Sometimes Old Technology Is Appropriate
It can be hard to improve on some things that just work and the Air Force is coming to that realization with some of its legacy aircraft.
I've actually never bought a brand-new vehicle and my long-suffering wife will attest to the occasional discomfort and inconvenience that has resulted. Nevertheless, we've mostly been able to get where we wanted to go, do what we needed to do and do it safely and mostly reliably without ever having a car payment.
Among the long list of secondhand vehicles in our past is a 1984 Toyota BJ60 Landcruiser (diesel) that carried us faithfully through a particularly perilous period in our lives with the same grace and determination that it took for our family to power out of that difficult time.
I had it restored a couple of years ago, essentially out of gratitude, and discovered that time moves on. I haven't put more than 500 miles on it since because I have newer vehicles now that are more comfortable and convenient. The Cruiser is noisy, slow and rides like it's always going over railroad tracks. It's worth a lot of money in its restored condition so why don't I sell it?

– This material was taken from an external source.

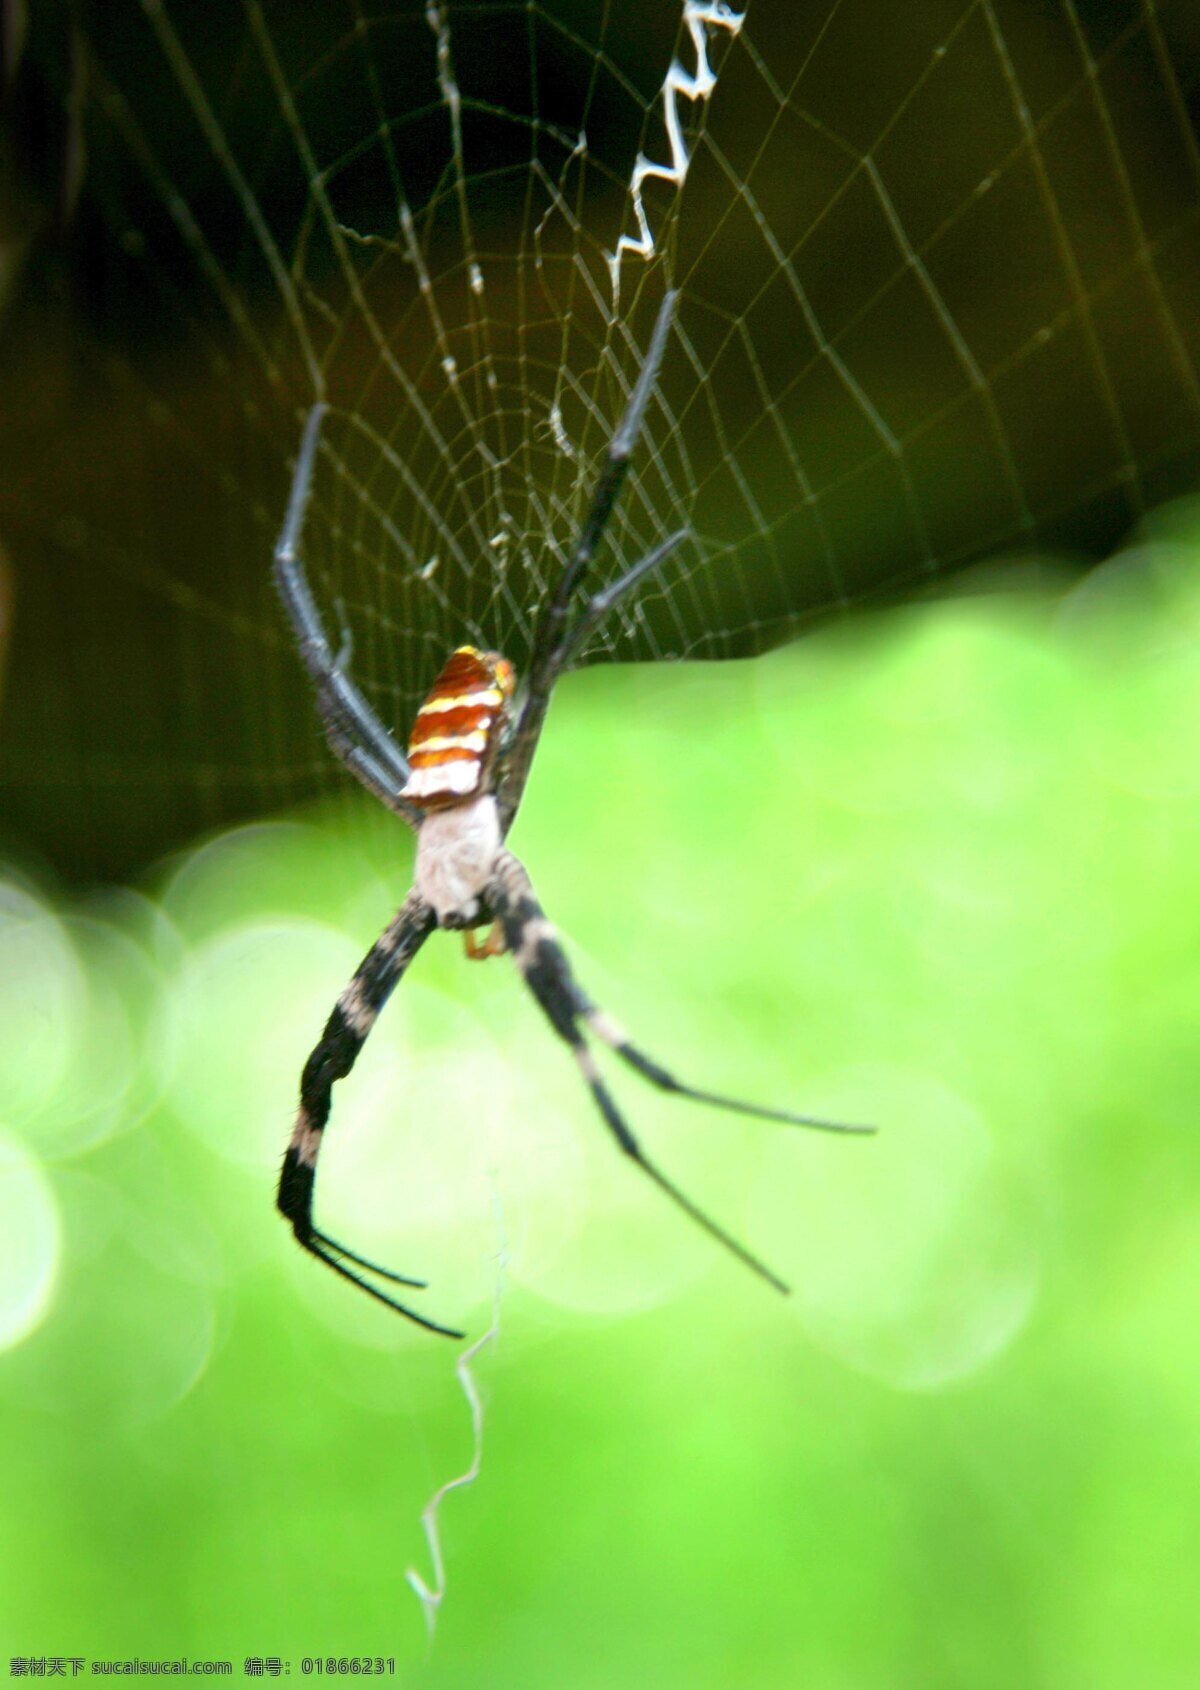 迷雾 深处 网 昆虫 生物世界 蜘蛛 迷雾深处的网

There's no really good reason but I can rationalize keeping it by knowing that if I put a couple of batteries in it, the Cruiser would take me to hell and back regardless of the circumstances. There is no tougher, more capable or reliable 4x4 on the planet, period.
In that previous dark time I drove it for a month without a functioning alternator because it doesn't have an ignition system, computers or electric accessories. It doesn't need an alternator to run. I just made sure I was home before dark, didn't listen to the radio and charged the batteries overnight to provide power for starting it and running the turn signals and brake lights the next day.
Simplicity can be a virtue, if you're willing to negotiate on comfort, convenience and efficiency.
So, it makes me wonder if the Air Force has come to the realization that some of its best ideas happened 20, 30 or 50 years ago and that finding ways to exploit them in the modern context is a suitable adjunct to the truly marvelous technology that is flooding the leading edge of military aviation.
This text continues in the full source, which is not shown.